§ WHAT TO PRODUCE: Every line below should come back exactly as written, though the pictures stay out.

§ RECORDED DATA:
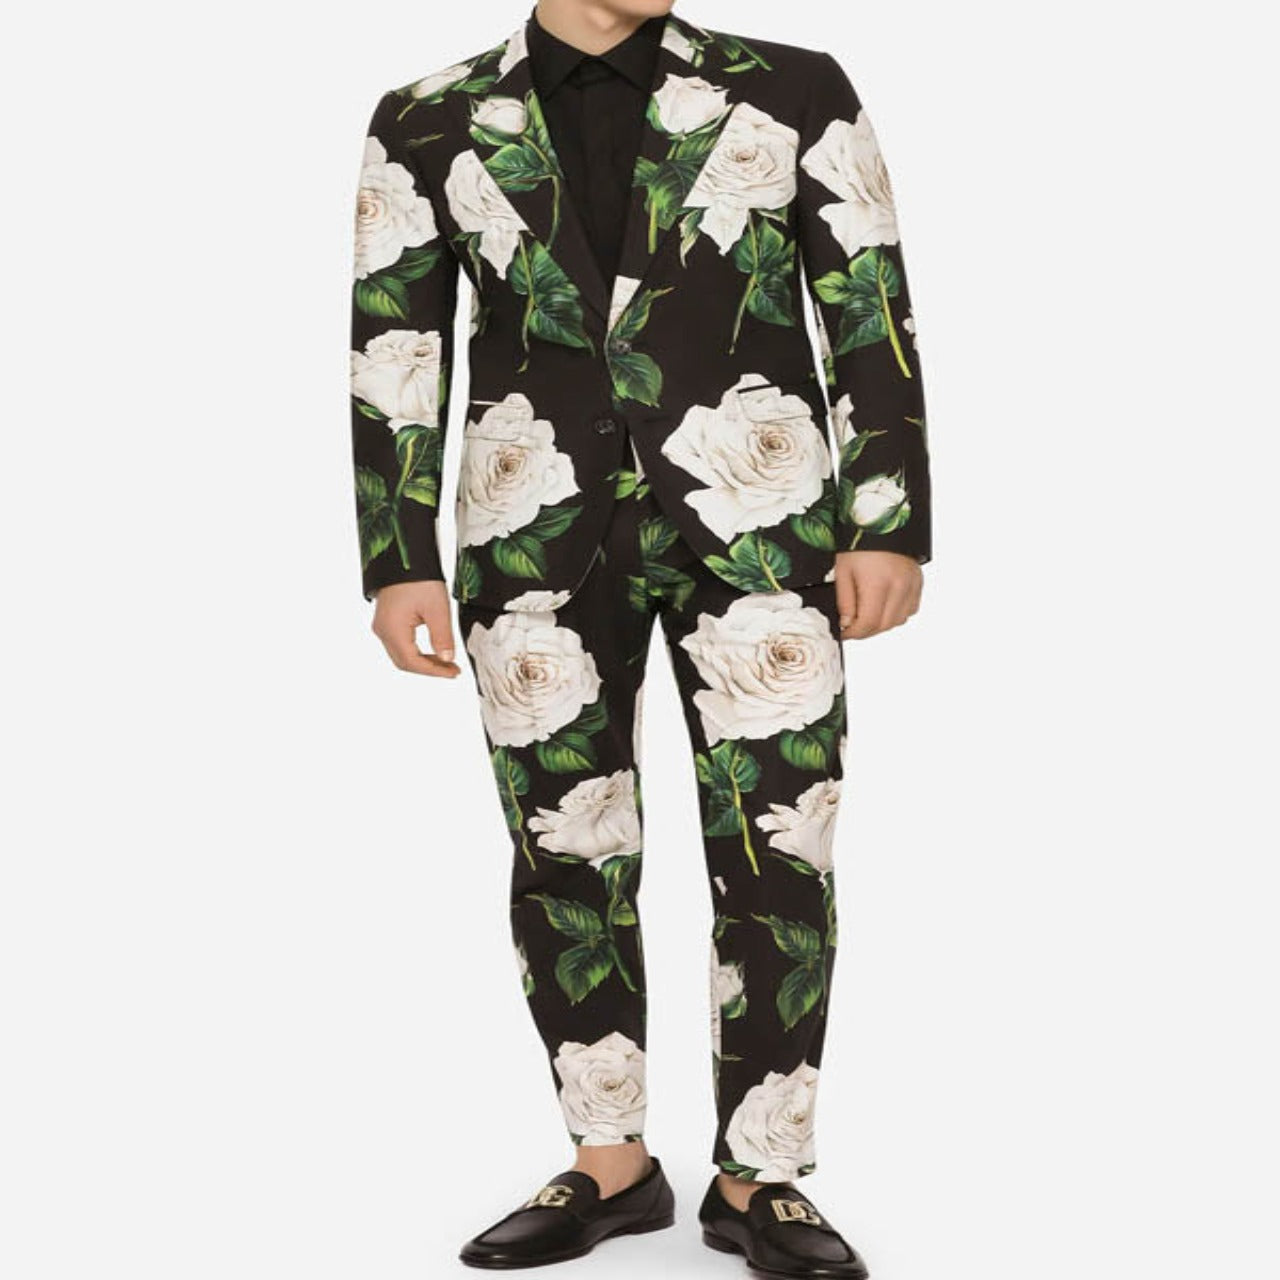 Joe Burrow Floral Suit
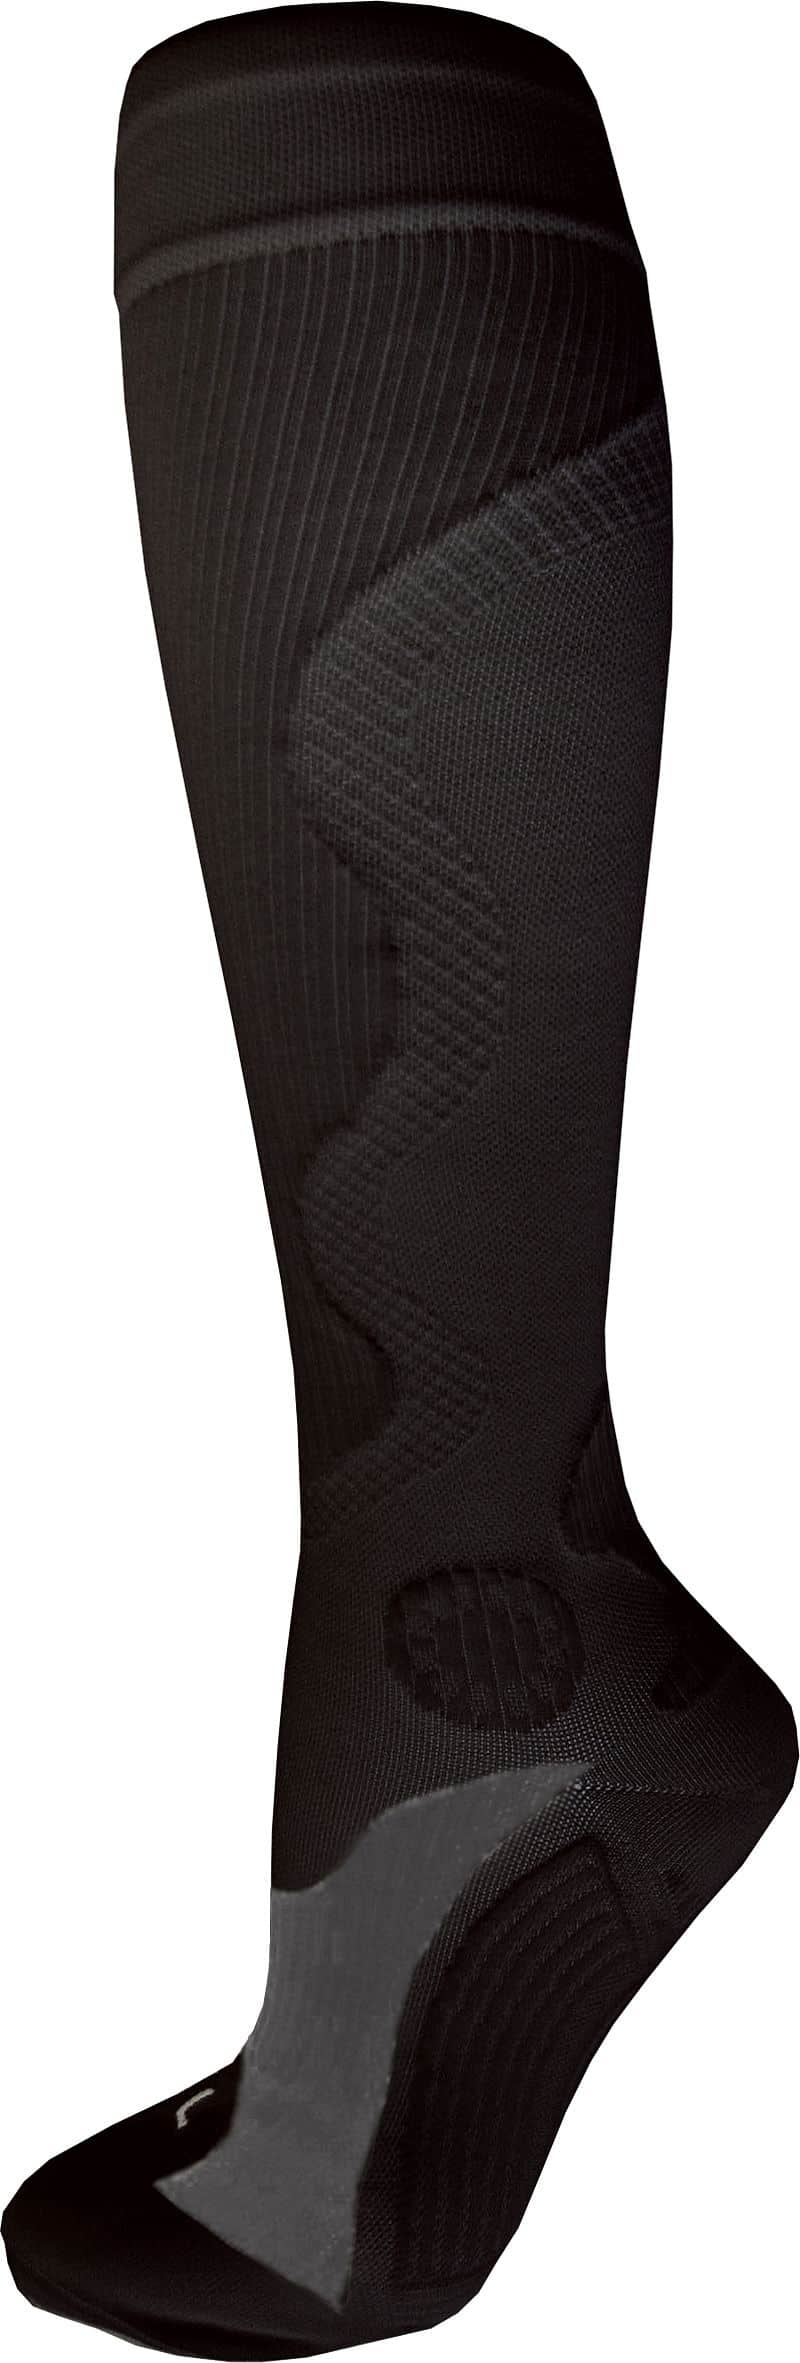 Kompresní sportovní ponožky WAVE, černé Bota velikost: L
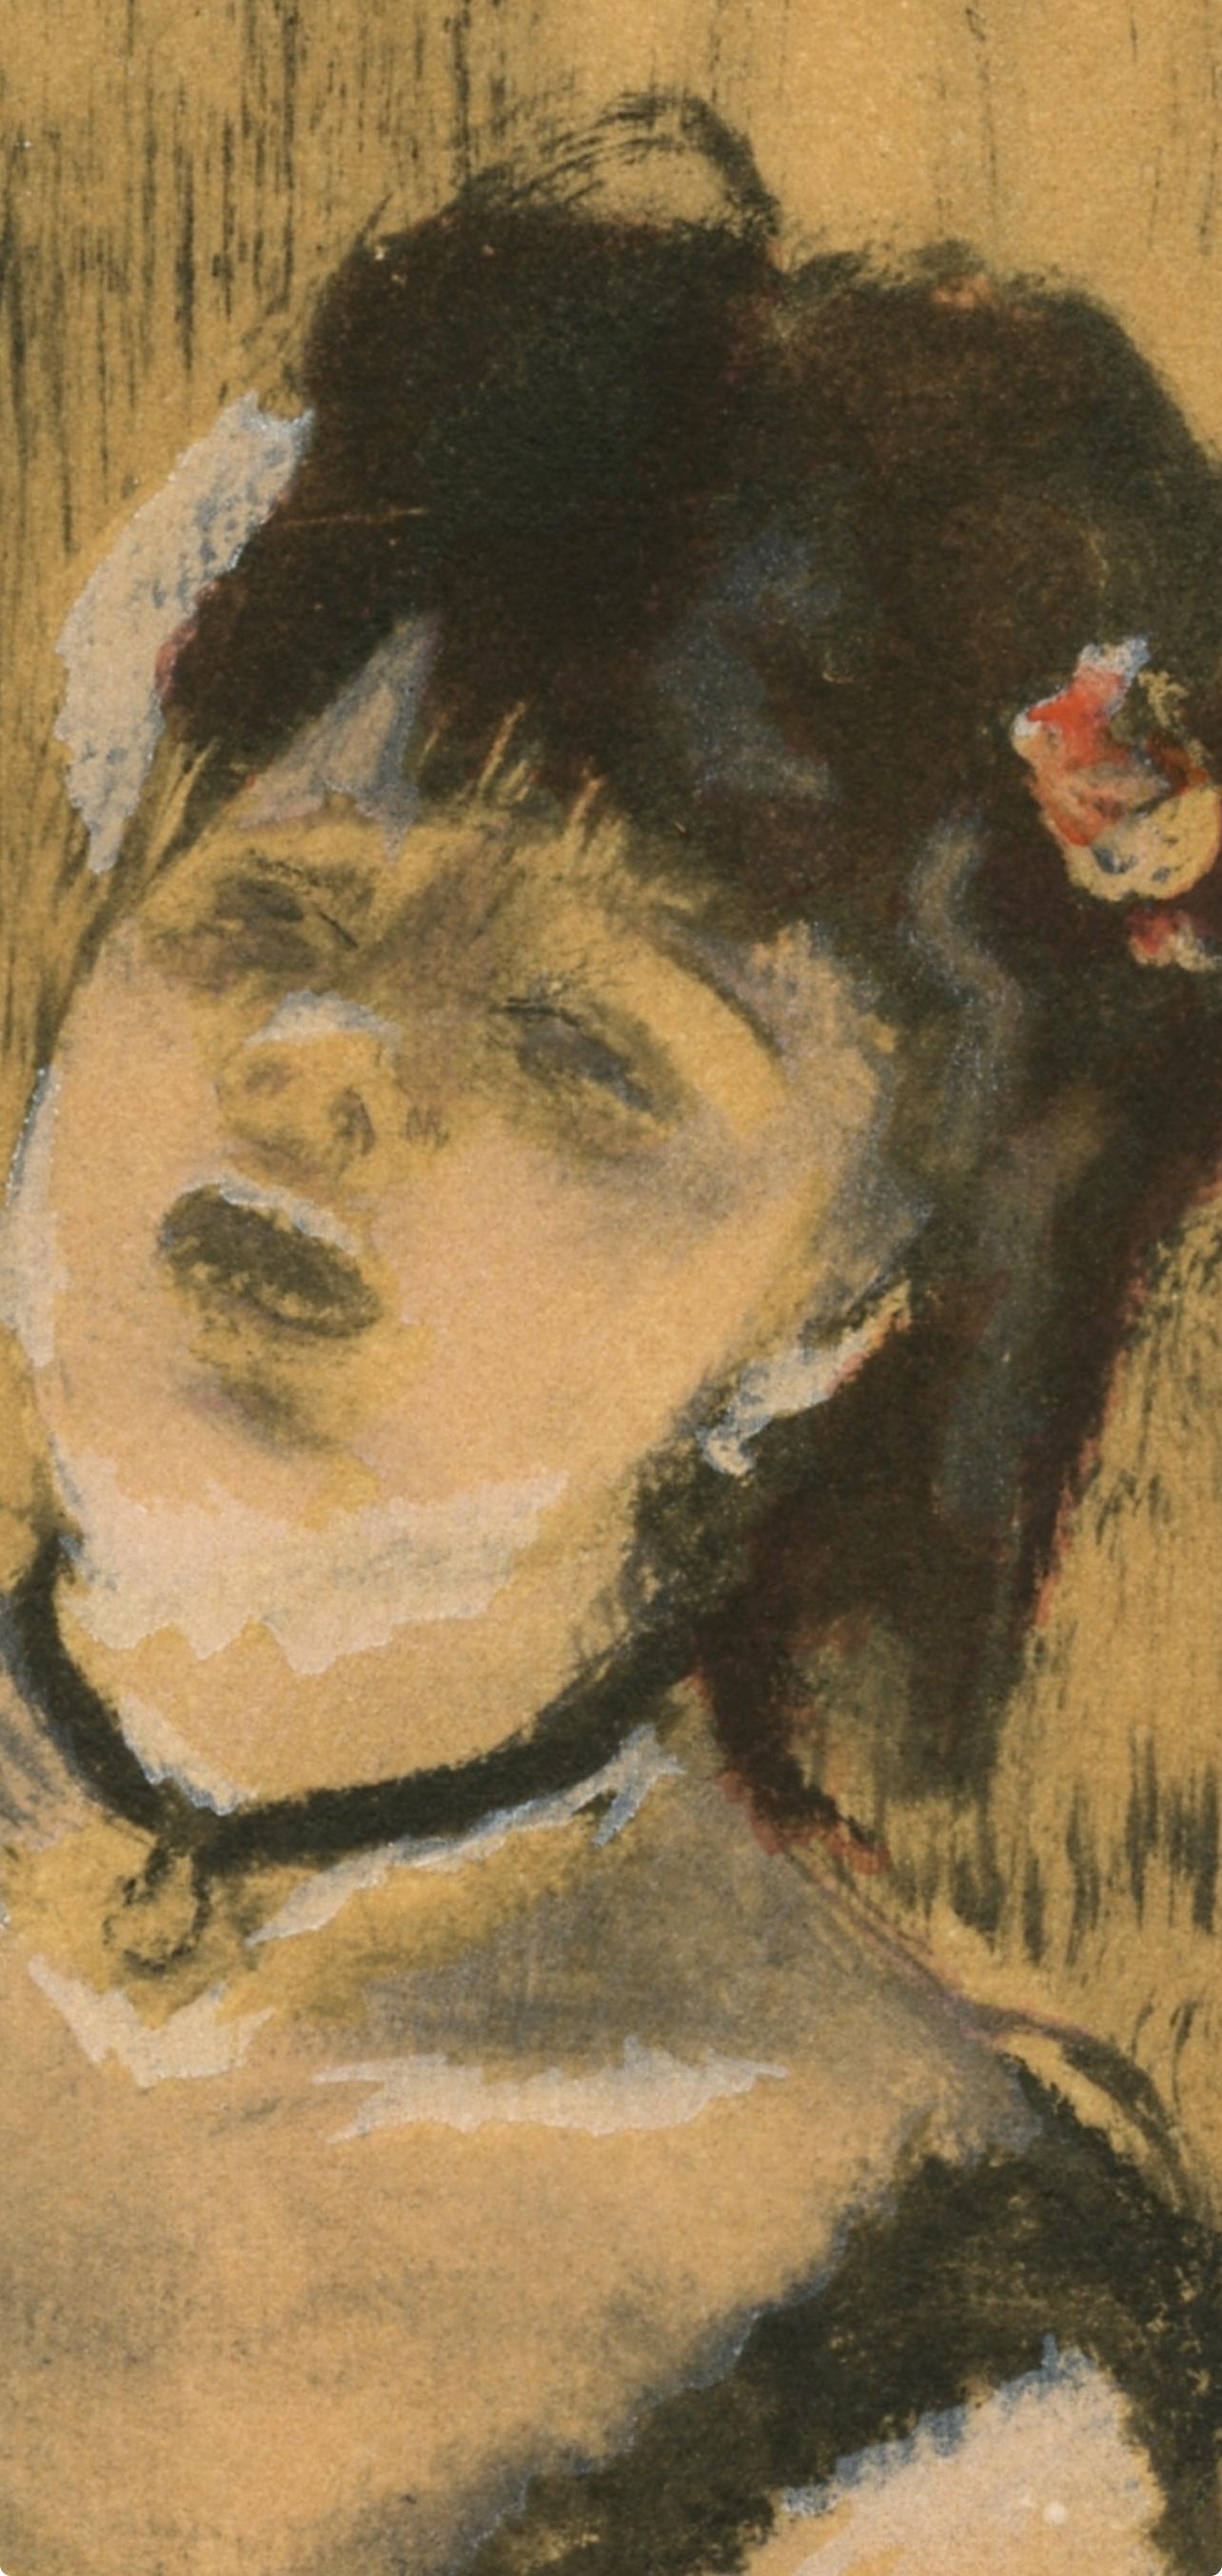 Degas, La Chanteuse du Cafe-Concert, Les Monotypes (after) - Print by Edgar Degas

§ RESULT FOR THIS TASK:
 Joe Burrow Floral Suit
 Kompresní sportovní ponožky WAVE, černé Bota velikost: L
 Degas, La Chanteuse du Cafe-Concert, Les Monotypes (after) - Print by Edgar Degas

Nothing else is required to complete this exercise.